Can Evanston’s downtown movie house find a new tenant? Here’s why it looks likely.

In a surprising show of support for the future of Chicago-area moviegoing, owners of the Music Box Theatre, the Davis Theater, the New 400 Theaters and Downers Grove-based Classic Cinemas have expressed interest in the recently closed 18-screen Cinemark multiplex in downtown Evanston.

“If any place is going to have theaters that can survive and thrive, it’s a place like Evanston,” said Music Box Theatre and Music Box Films president William Schopf Thursday. “They lean progressive, they’re proud of their diversity, they support culture and the movies. It’s the same audience as we have at the Music Box.”

Chris Johnson, head of Classic Cinemas, owns three theaters in Cook County and 14 overall in Illinois. “We’re local and we’re interested,” he said Thursday. The former Cinemark site, now known as the Evanston Theater, houses 18 screeners, which is “on the higher end,” Johnson noted. “But we’re looking at it and doing our research.”

The Texas-based Cinemark chain spent more than a year, including several months prior to the coronavirus pandemic outbreak, trying to break its lease with the owners of the building at 1715 Maple Ave. near Church Street.

Until recently the second-story movie theaters served as anchor tenant of a block-long parcel owned by Stockbridge Capital Group, a private-equity real-estate firm headquartered in San Francisco. As reported in Crain’s Chicago Business years ago, Stockbridge paid a hefty $70 million for the 180,000-square-feet parcel in 2013. The theaters account for 70,000 square feet of the parcel’s tenants, which include Alpana Singh’s restaurant Terra & Vine, Urban Outfitters and a Chili’s.

Once you build a substantial multiplex, it’s hard to renovate it cost-efficiently for another line of business. And from every indication, the City of Evanston wants to keep it a multiplex and broker a deal between Stockbridge and the right movie theater owner/operator.

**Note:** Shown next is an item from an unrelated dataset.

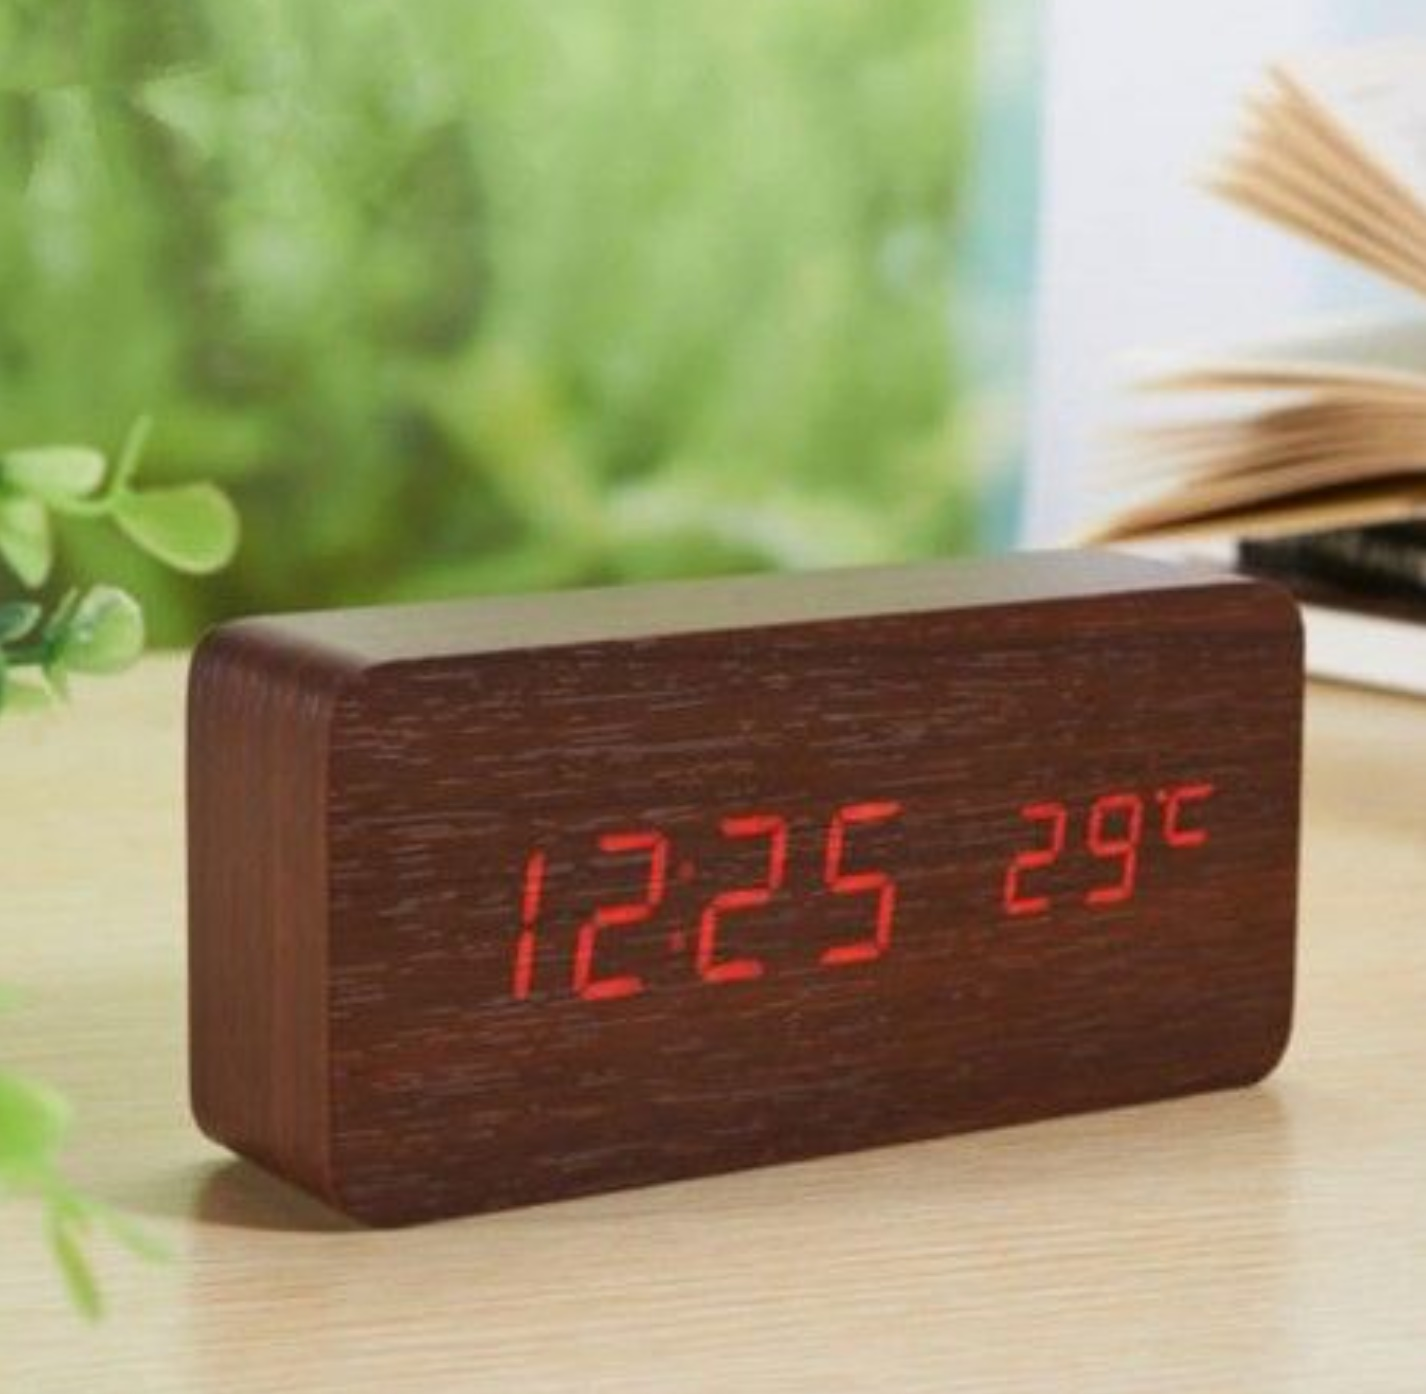 Ceas digital din lemn 862-VST cu LED si alarma

Various prospective bidders have had preliminary discussions with the city’s economic development manager, Paul Zalmezak, and Annie Coakley, executive director of the nonprofit Downtown Evanston consulting firm.

“Every call and email has warmed my heart,” Coakley said Wednesday. “I mean, this is a precarious time to consider expansion for any business owner, but movies have been around forever and a day. And there’s a reason for it.”

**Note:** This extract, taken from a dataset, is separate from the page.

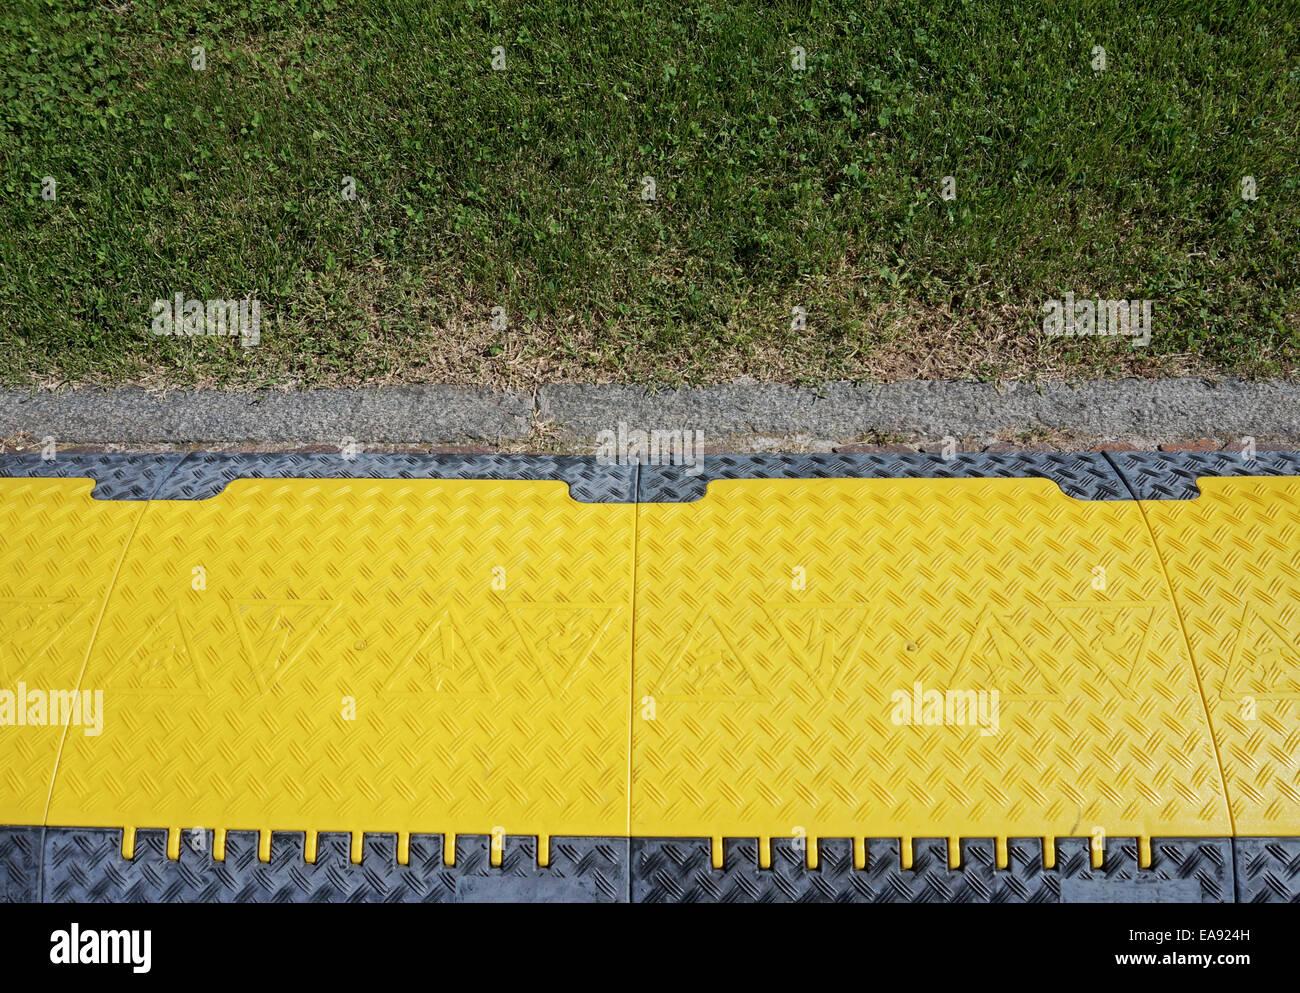 disabled ramp facilities - Stock Image

Tony Fox, a real-estate developer and Evanston native who operates the New 400 Theaters in Rogers Park and the University of Chicago-backed Harper Theater in Hyde Park, said Thursday that “in my discussion with the City of Evanston, they made it clear they’re absolutely committed to a theater downtown.”

Zalmezak is bullish to the point of certainty. “We know we’ll get another theater to take over,” he said.

Some prospective theater operators interviewed for this column suggested that Stockbridge may entertain thoughts of building a mid-rise condo building where the theaters and other tenants are situated. But as Zalmezak noted Thursday: “Any change to the existing use would require significant community input and, ultimately, city council approval. We know a theater works in that location. It was always profitable. And there’s viable interest in keeping theaters there.”

City officials, he added, “are always open to these kinds of conversations.” But they’re not currently interested in any plans that would “involve demolishing the theater to build a tower.”

Emails to Stockbridge were not returned Thursday.

When the economy takes a downturn “there’s always some heartbreaking fallout,” said Ben Munro, co-owner of the Lincoln Square Davis Theater Thursday. “But there’s also opportunity. Whether or not we’d like to be involved long-term (in the Evanston Theater’s next iteration), we don’t know. But we’re open to any potential projects they have in mind. As long as the theater industry is anything more than dead, we’re interested.”

By email Wednesday, Schopf of the Music Box addressed some comments made in earlier news stories about Cinemark bailing out, after many months of unsuccessful attempts to get Stockbridge Capital to chip in on renovation and upgrade costs. Cinemark closed several of its locations nationwide in February, including one in northwest suburban Bloomingdale’s Stratford Square mall.

“I have read some of the media coverage of the closure and suggestions that what was needed was reclining seats,” Schopf wrote. “My apologies, but I do not think that is the Evanston audience. Rather, I believe they want excellent, curated programming and they want many of the films to be eventized with visiting directors, talent, panel discussions, etc., as we do at the Music Box, all in a well-maintained theater.”

Consultant Coakley agreed, at least with the reclining seats or dine-in part of it.

A theater downtown, she argued, “can support so many good restaurants and eateries in the neighborhood.” Plans for Skokie’s Northlight Theatre to relocate to downtown Evanston’s Church Street, near the Evanston Theater, remain in gradual progress, though millions must be raised by Northlight to bring that to fruition.

Still, Coakley said, it’s exactly what the city wants downtown on the same corridor as a reopened, refurbished and revived movie theater.

“Dinner and a movie, a play and a movie — these things go hand in hand.”

Michael Phillips is a Tribune critic.